Mrs Shephard yesterday met Douglas Hurd to urge him to include employment among the limitations on Brussels powers when changes on subsidiarity are made to the Maastricht treaty, at the EC summit in Birmingham next Friday. She argued that employment directives from Brussels were adding to employers' costs and threatening jobs. She will be discussing a directive on pregnant women with EC ministers at an informal summit next week.

The Tory election manifesto carried a commitment to change the law to give a right to at least 14 weeks' maternity leave, and protection against dismissal on grounds of pregnancy, to comply with the directive. But Mrs Shephard is concerned the employment directives are anti-competitive and undermine jobs.

Other Cabinet ministers are asking Mr Hurd to add to the list of policy areas to be covered by subsidiarity, but it is not clear whether Britain will press for employment to be included.

Britain has refused to sign the Social Chapter to the treaty, arguing that the employment protection measures would add to costs and lead to job losses.

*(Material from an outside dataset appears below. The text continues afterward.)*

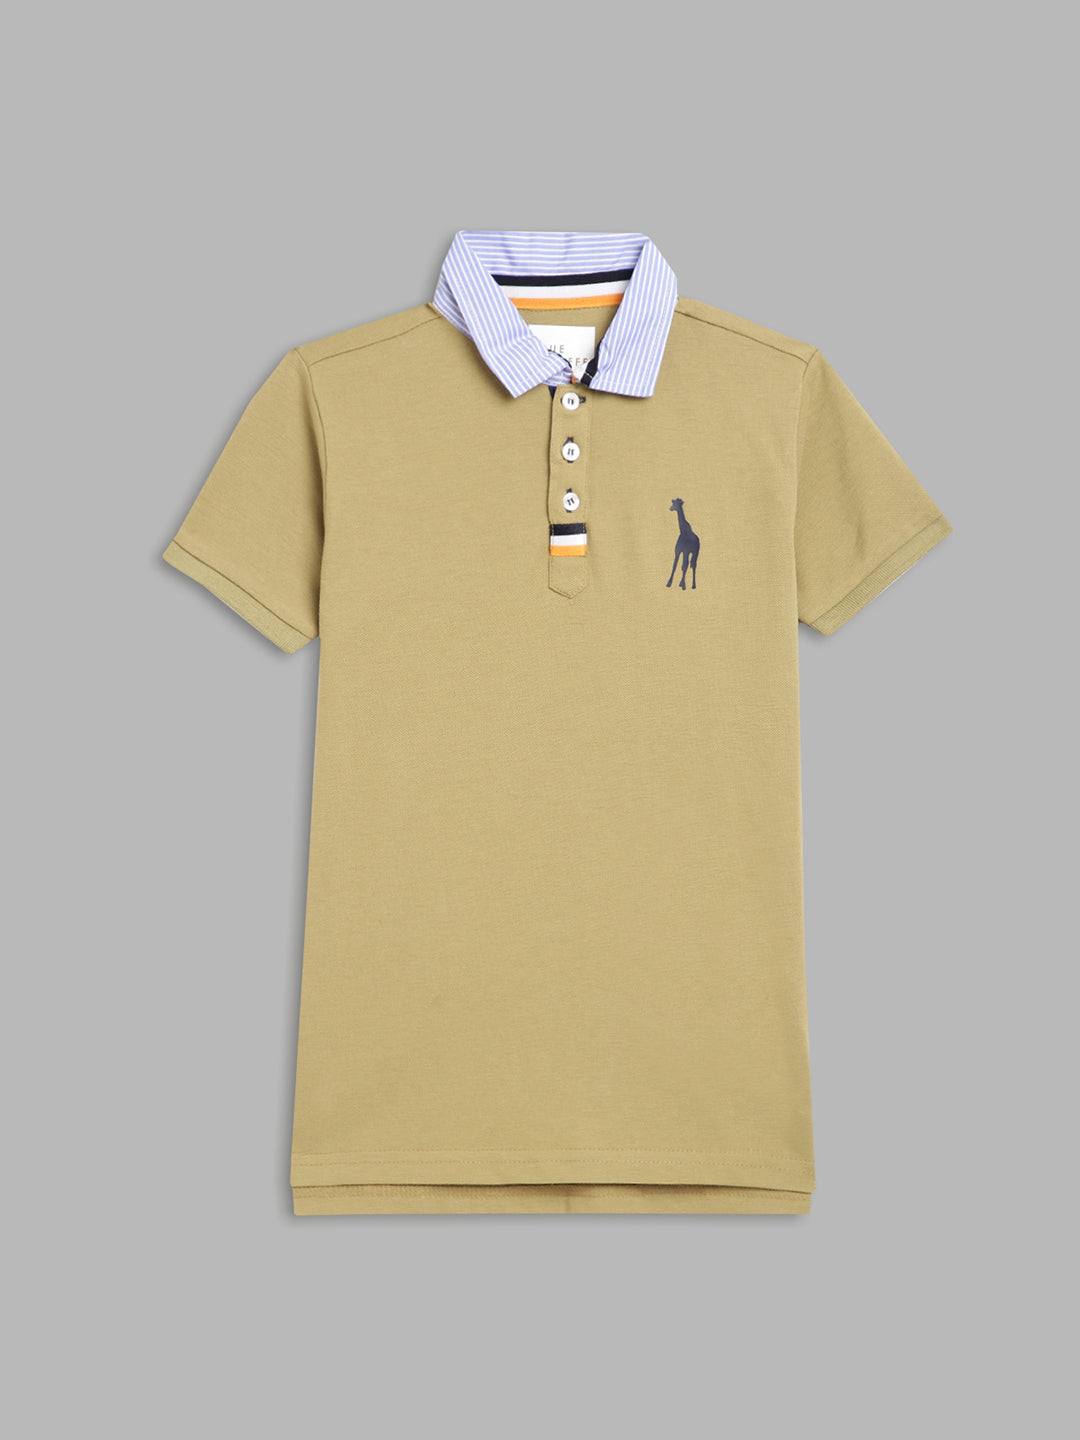 Blue Giraffe Boys Olive Solid Polo TShirt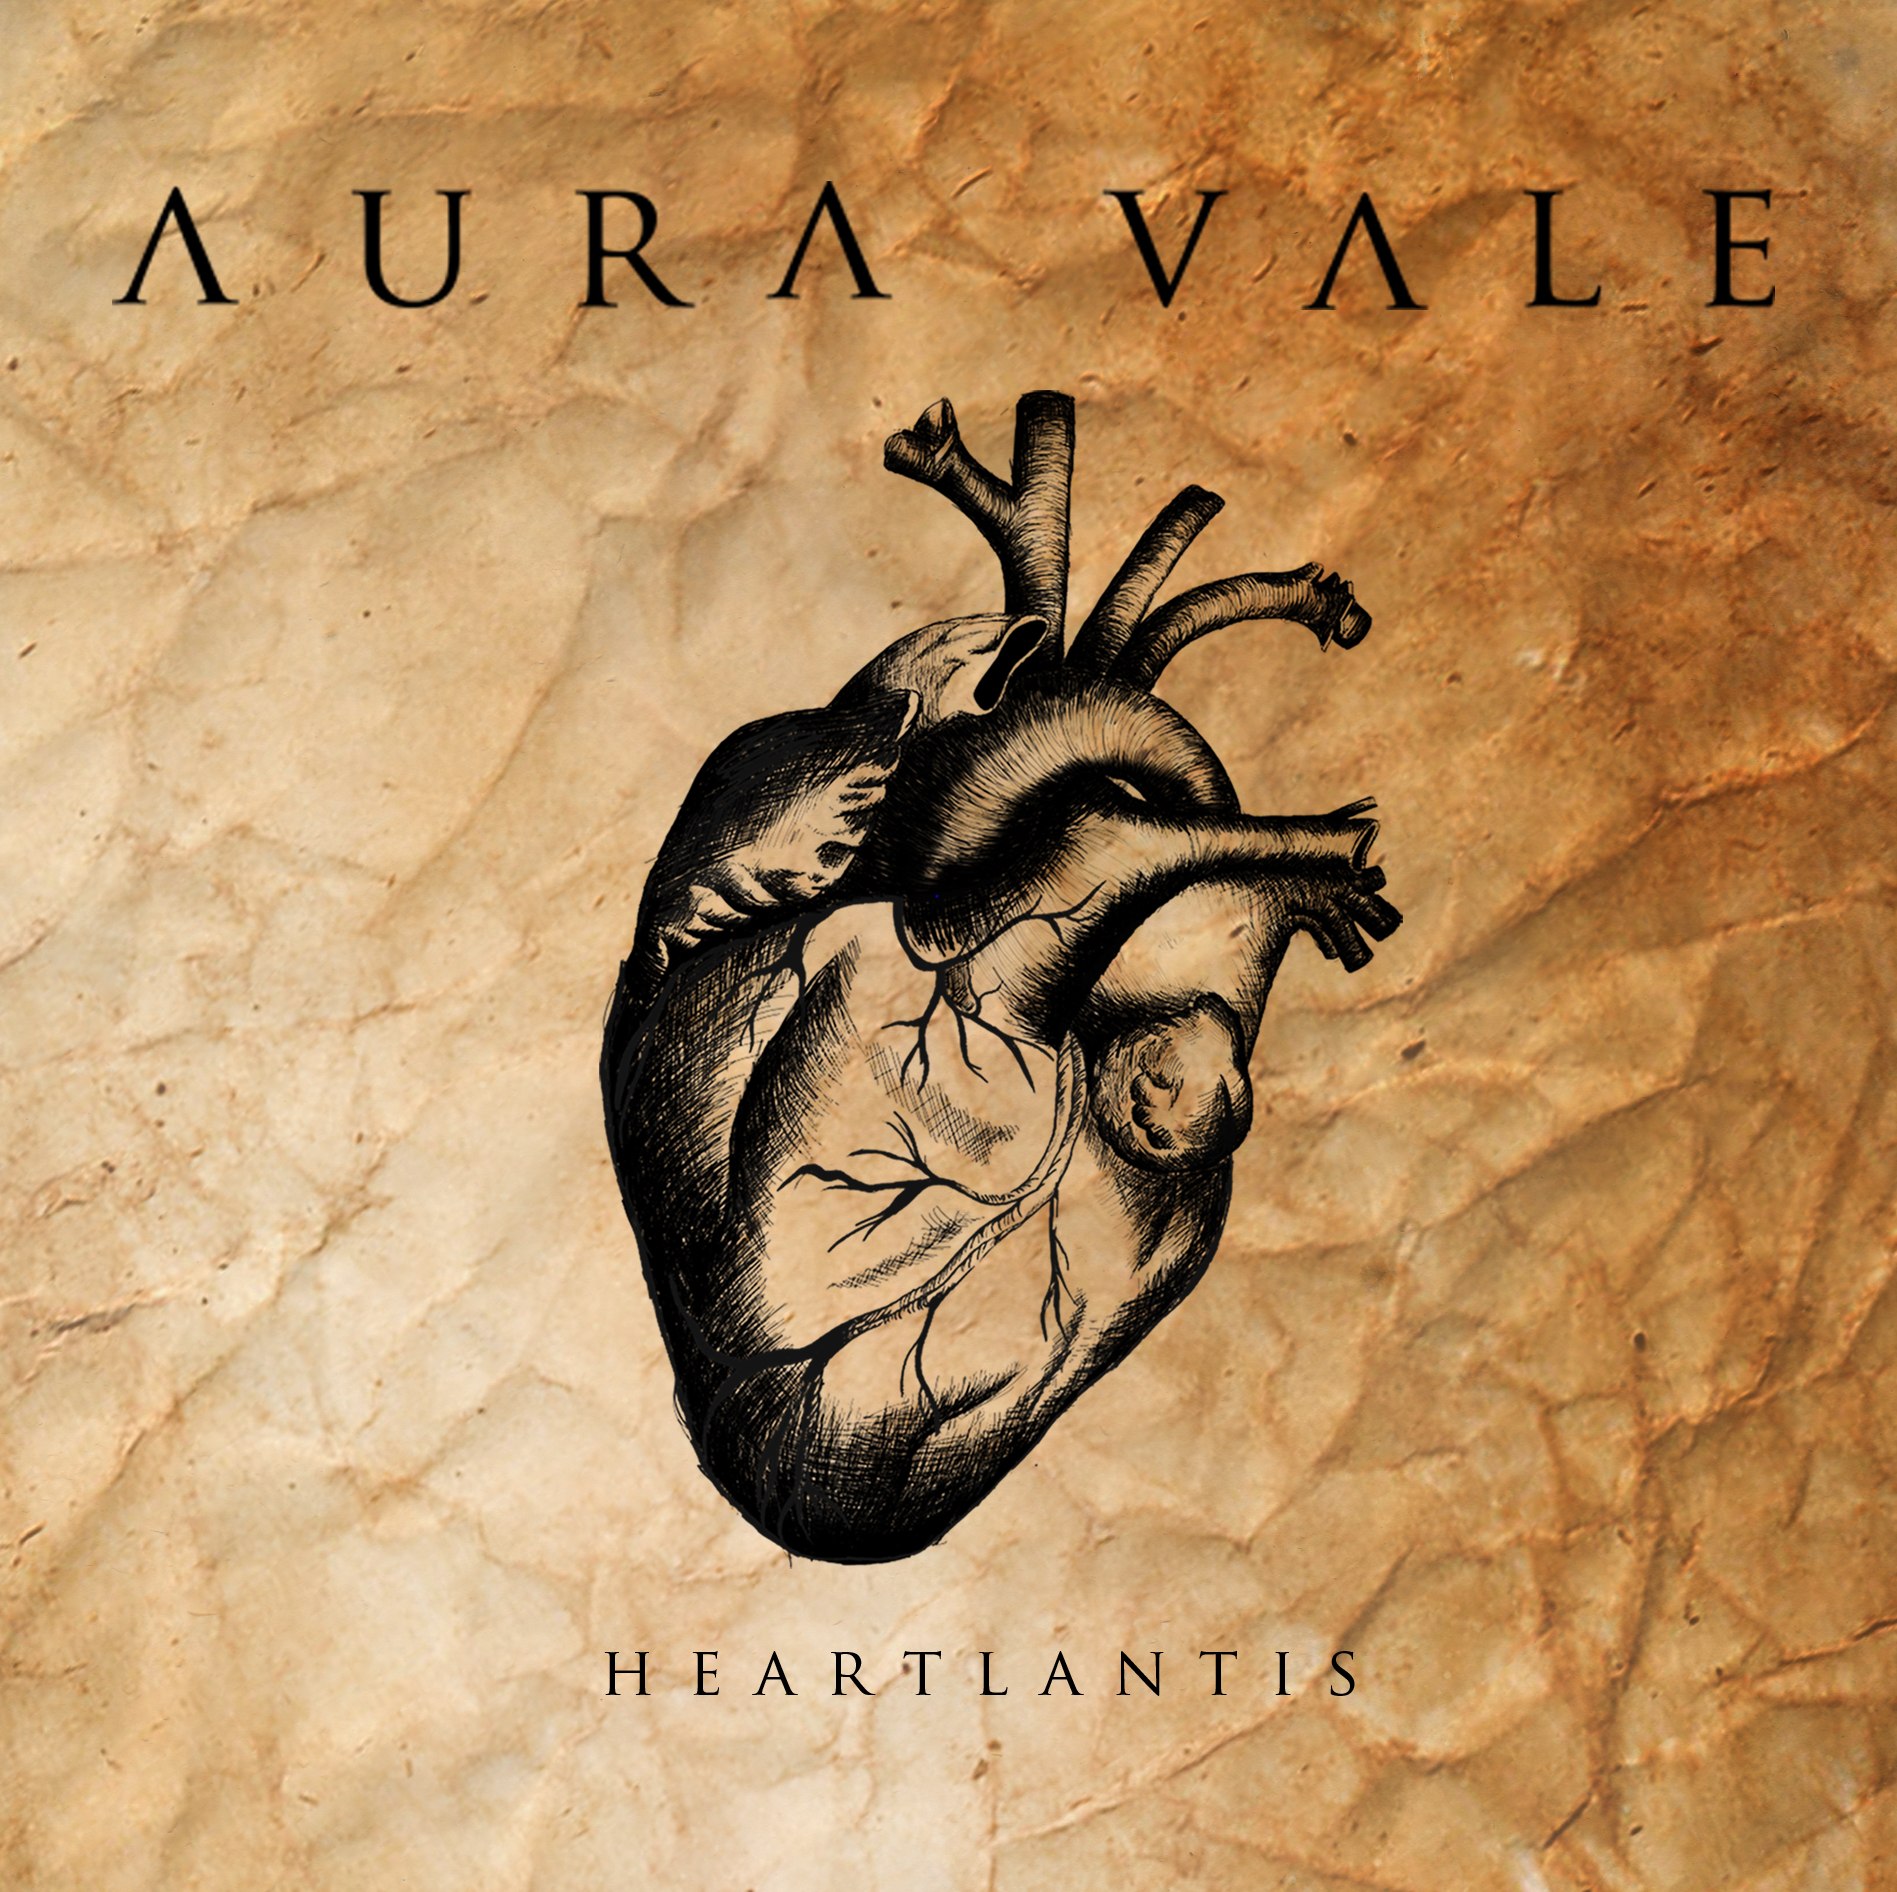 Aura Vale - Heartlantis (2012)

The Foreign Office may take the view that the other 11 member states would not agree to subsidiarity on employment, having taken a strong stand on social measures. Under the terms of subsidiarity, member states would be free to take their own decisions, unless there was an overriding reason for a decision to be reached at European level.

Mr Hurd is putting together a package of proposals for the summit to overcome British, Danish and other objections to the federalist tendencies in the treaty.

Mrs Shephard was cheered by the conference when she told party representatives that she hoped to abolish May Day - the traditional workers' day introduced by Labour - by 1995. Another bank holiday could be created in August or October.

She was urged by officials not to suggest that it could be called 'Trafalgar Day' to avoid upsetting the French. However, Mrs Shephard, a fluent French speaker with a reputation as a Francophile, rejected their advice.